In this discussion, Anne and Pooja cover topics ranging from why patients need integrated healthcare systems to the clear benefits of diverse teams.
An edited and condensed transcript follows.
Pooja Kumar: Anne, in 1997 you were the first woman from Mass General’s Department of Medicine to earn the rank of full professor at Harvard. You had a respected career as a clinical researcher, then in 2019 you became the first female chief executive of Partners HealthCare [now Mass General Brigham], the state’s largest private employer, and you were named one of the top 25 women leaders in healthcare. You are a trailblazer, indeed. In 2019, you were quoted as saying, “It’s important to create a future state where no one will say, ‘Here is the first woman in any role.’” How would you describe the progress we’ve made in this area over the past few years? What still needs to happen to make this a reality?

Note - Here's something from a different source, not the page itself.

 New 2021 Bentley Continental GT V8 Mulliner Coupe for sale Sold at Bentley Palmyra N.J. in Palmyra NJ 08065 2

Anne Klibanski: Part of what we’re seeing is a definition of progress. What does it mean to make progress in an area? What does it mean to have specific metrics? What does it mean to be able to say we’ve made sufficient progress? We are where we want to be. The quote refers to what I would call an optimal end state. The optimal end state is when we no longer have to say, here is the first woman who’s in this position. Here is the first woman who has done that. Here is a trailblazer. It is thinking about where we need to get to as a final state, and that is looking at everyone. Everyone. Their talents, their abilities, and what they have to bring to any position—that is the ultimate metric. It is the diversity of everything that a person represents that they bring to whatever it is they’re doing, rather than a phenotype. We need to get beyond the numbers. So have we made progress by numbers? Absolutely. Have we looked at what all of the things we have realized represent? Not really. Have we made enough progress? Not at all, but we’re talking about it and that’s always the first step, but that is not an end state.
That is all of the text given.